[[ Data extracts open ]]

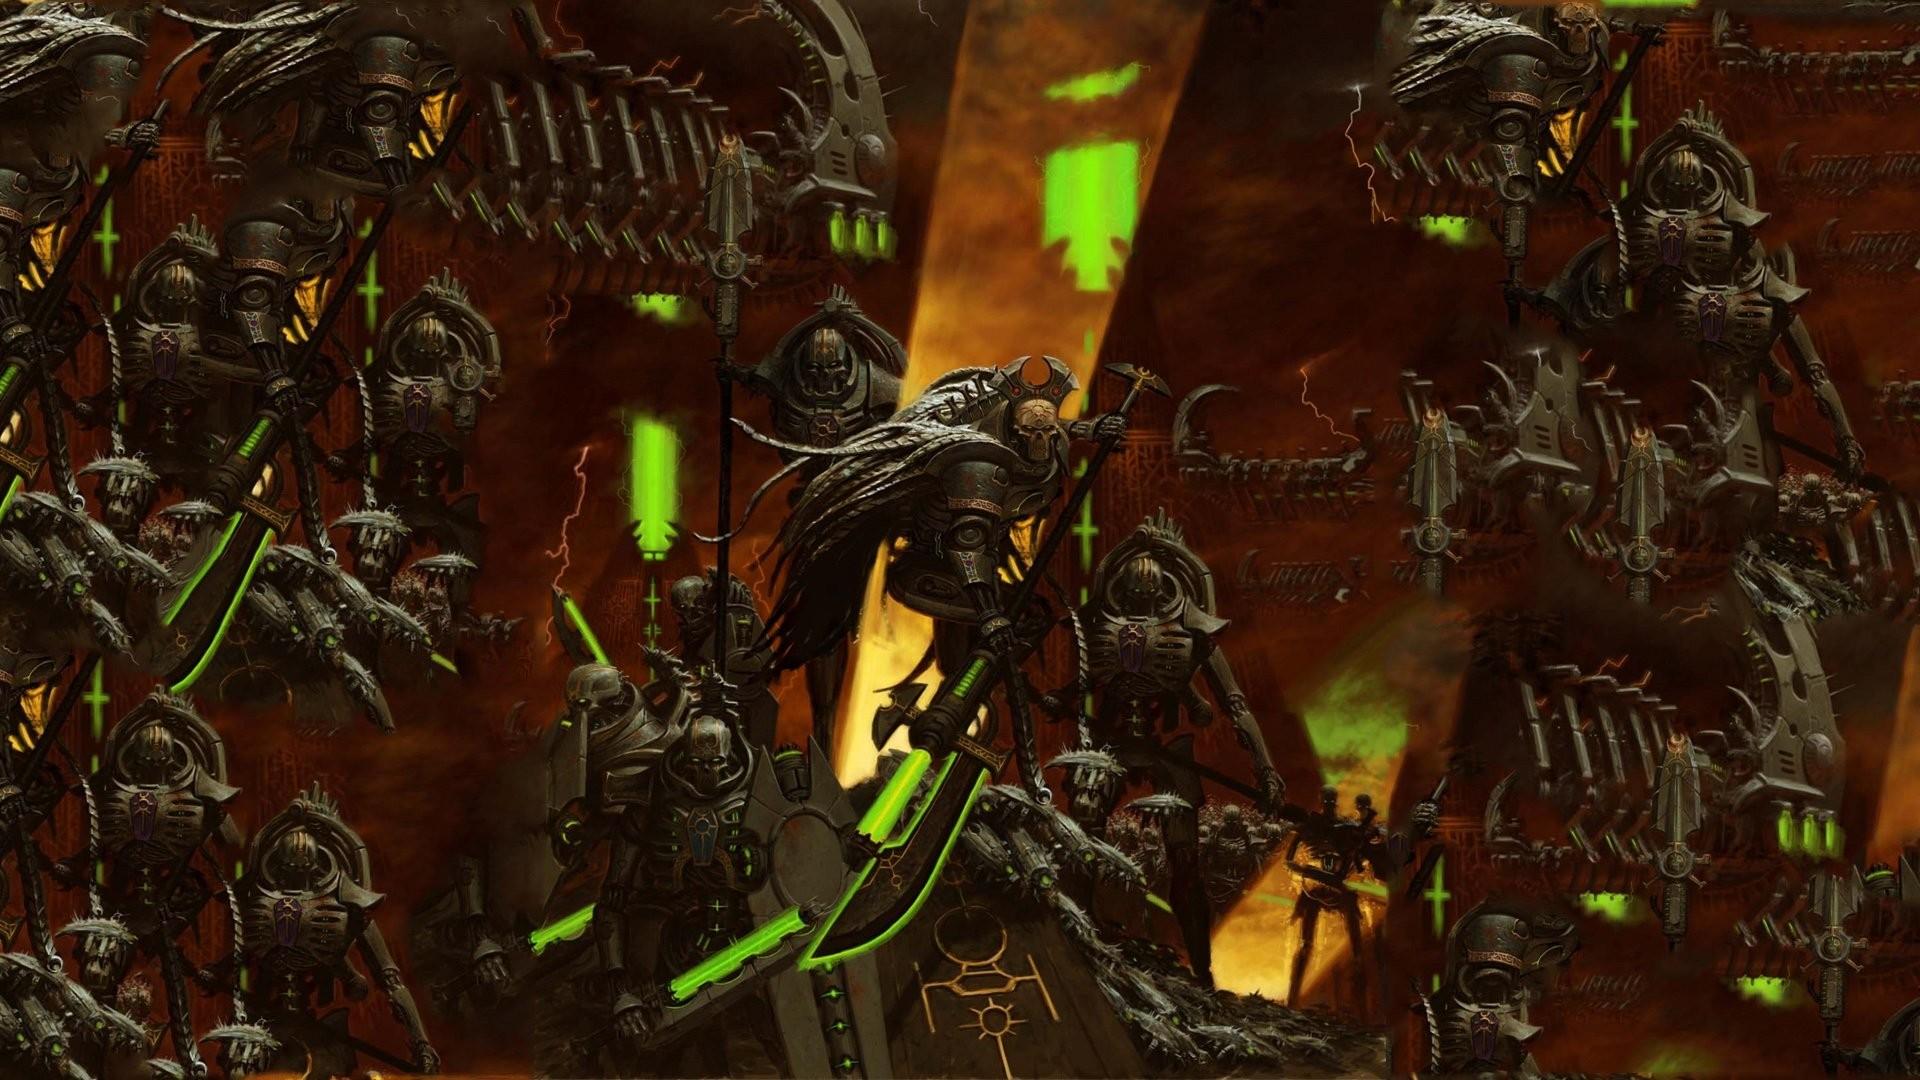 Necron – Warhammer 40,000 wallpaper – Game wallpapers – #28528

[[ Data extracts closed ]]
[[ Data extracts open ]]

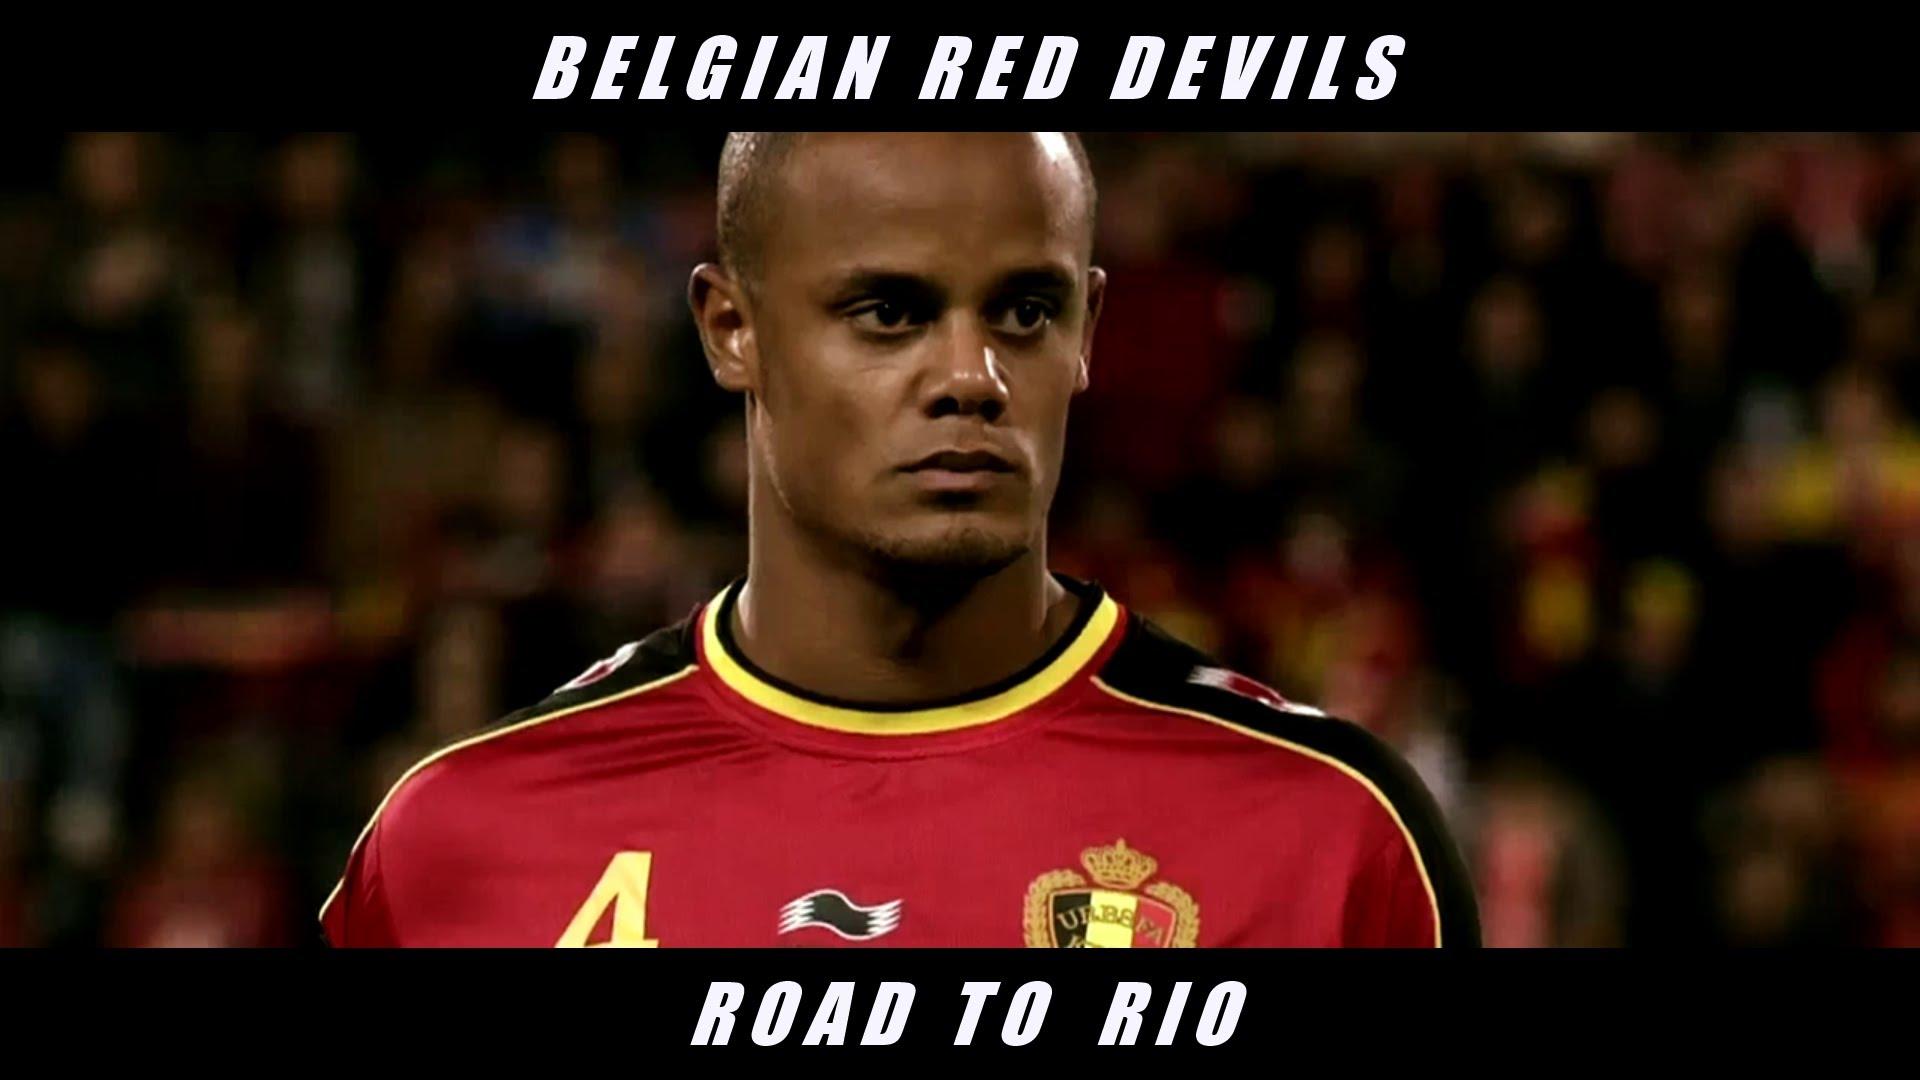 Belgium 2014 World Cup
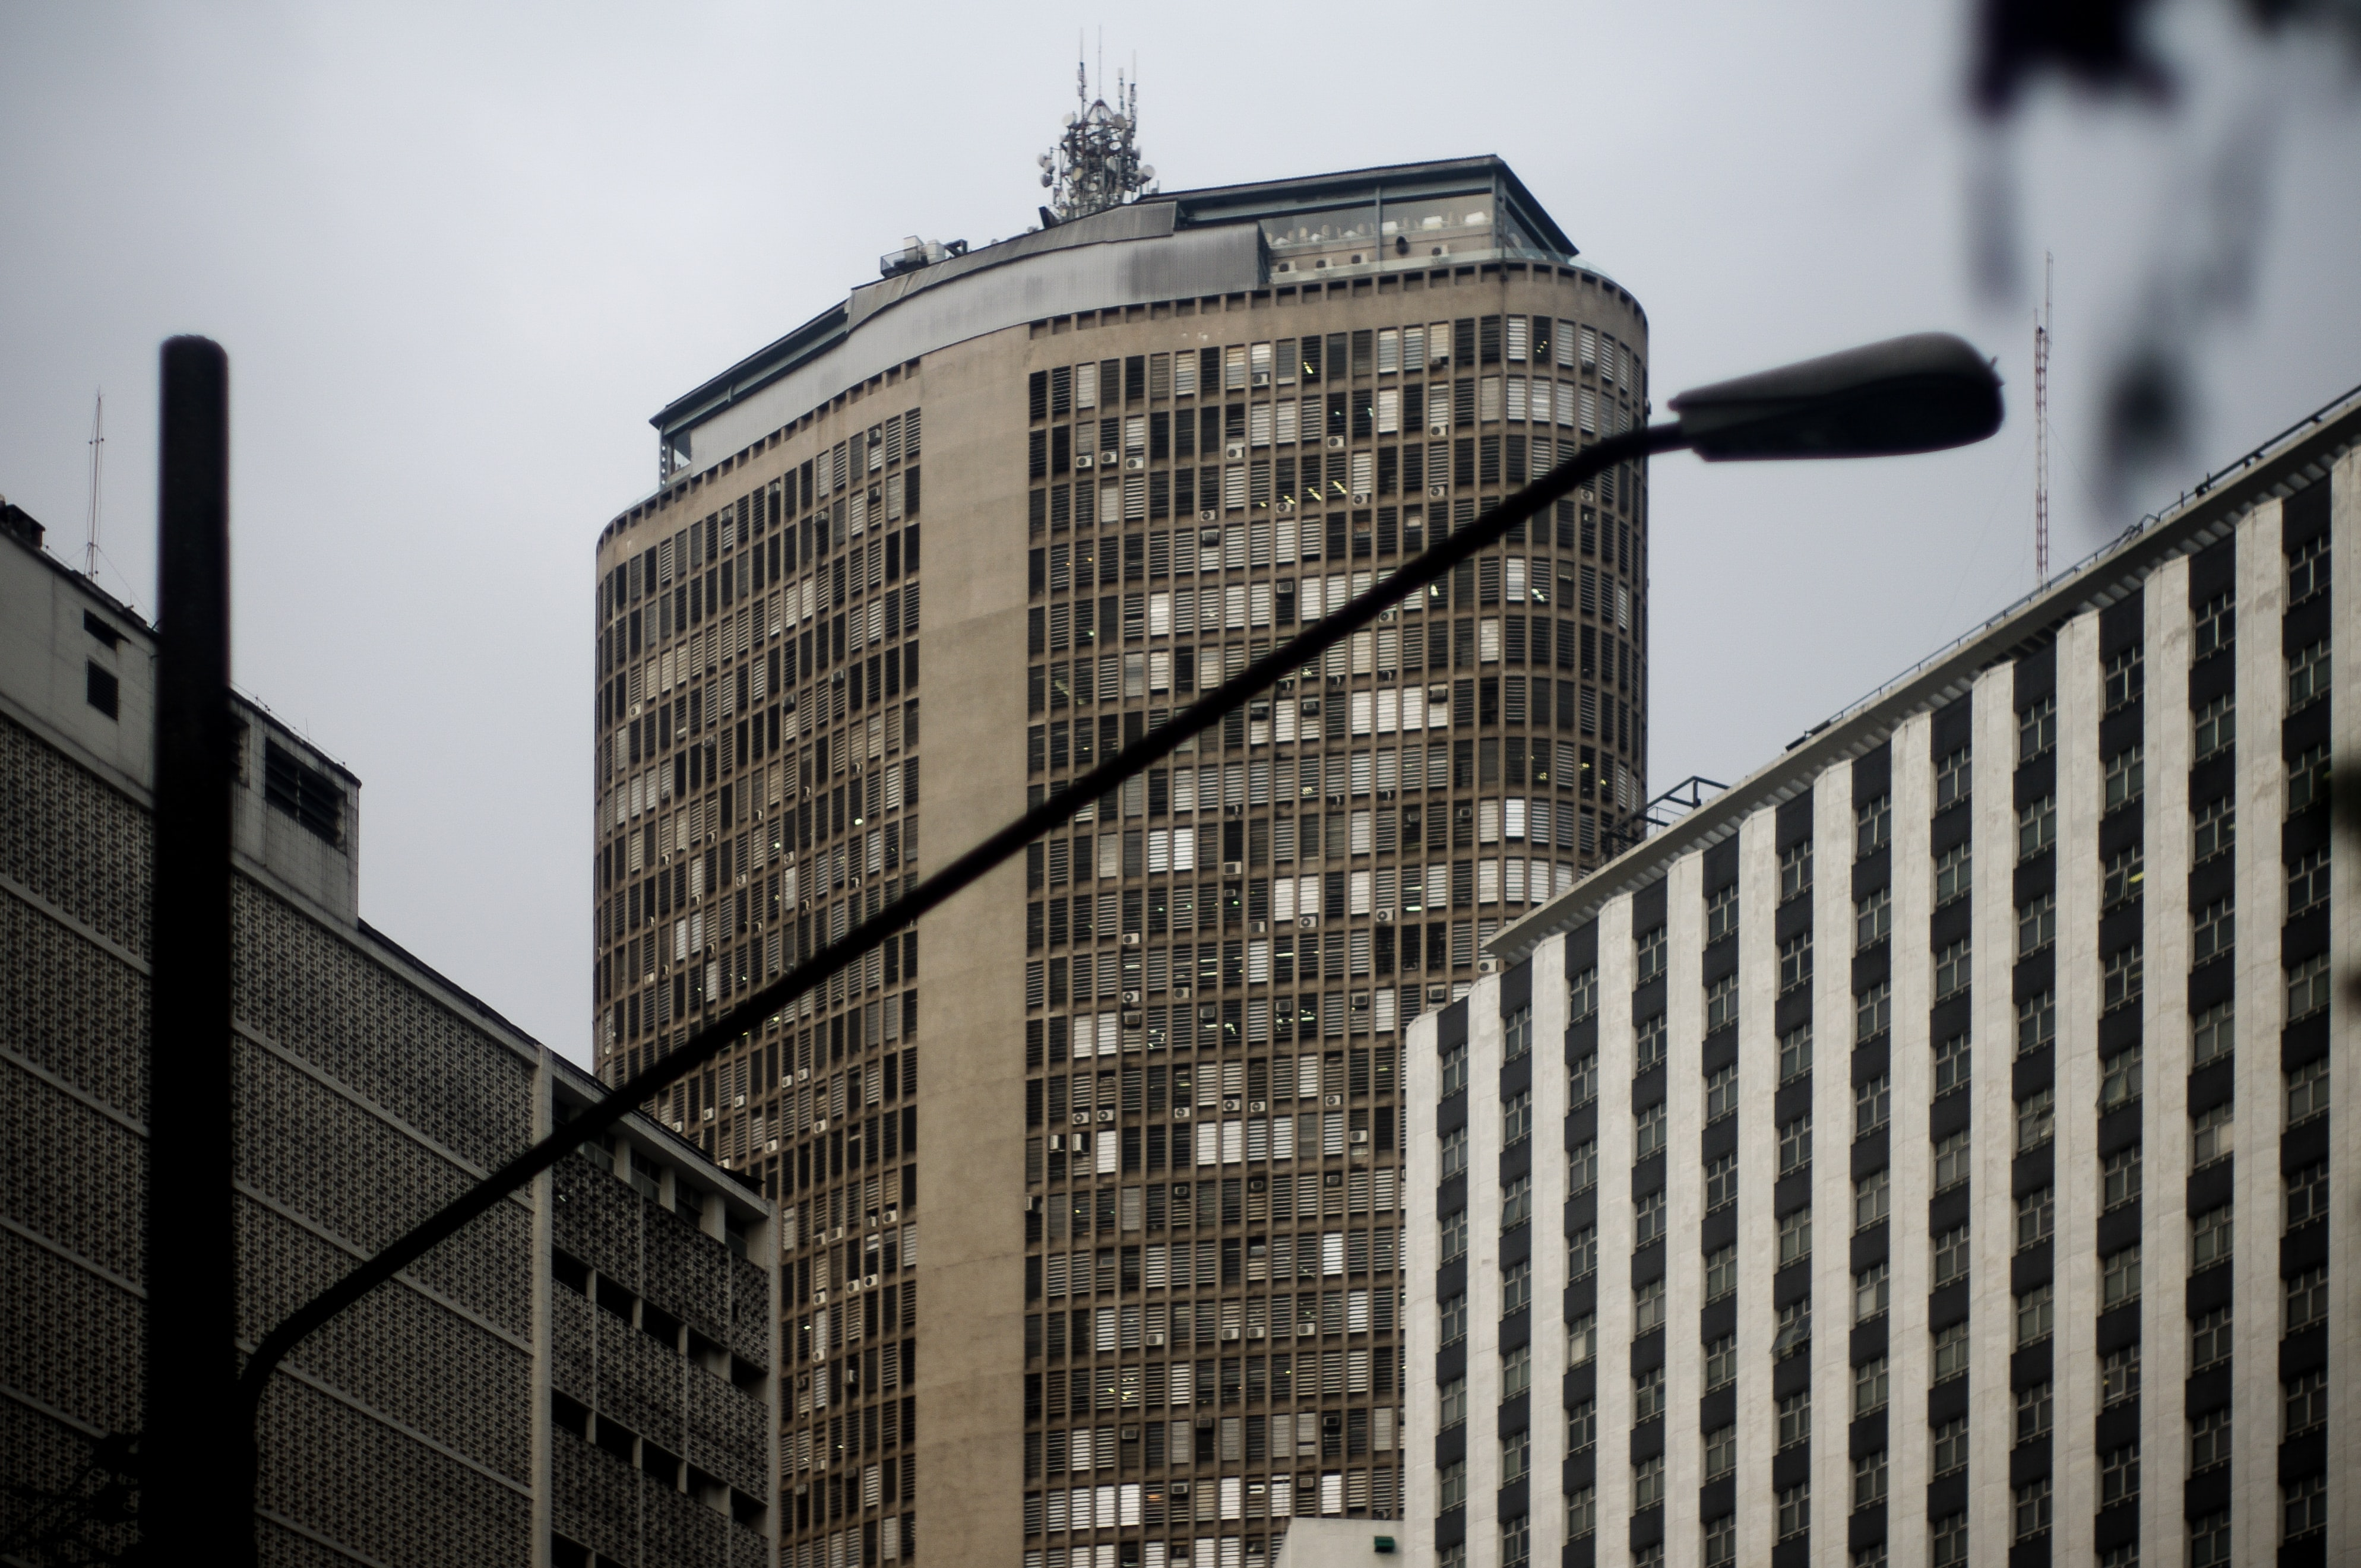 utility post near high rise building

[[ Data extracts closed ]]

- Work item
Write back word for word every line in the entries above from the one with "Belgium 2014 World Cup" to the one with "utility post near high rise building", ends included, and none of the pictures.

- Result of the exercise
 Belgium 2014 World Cup
 utility post near high rise building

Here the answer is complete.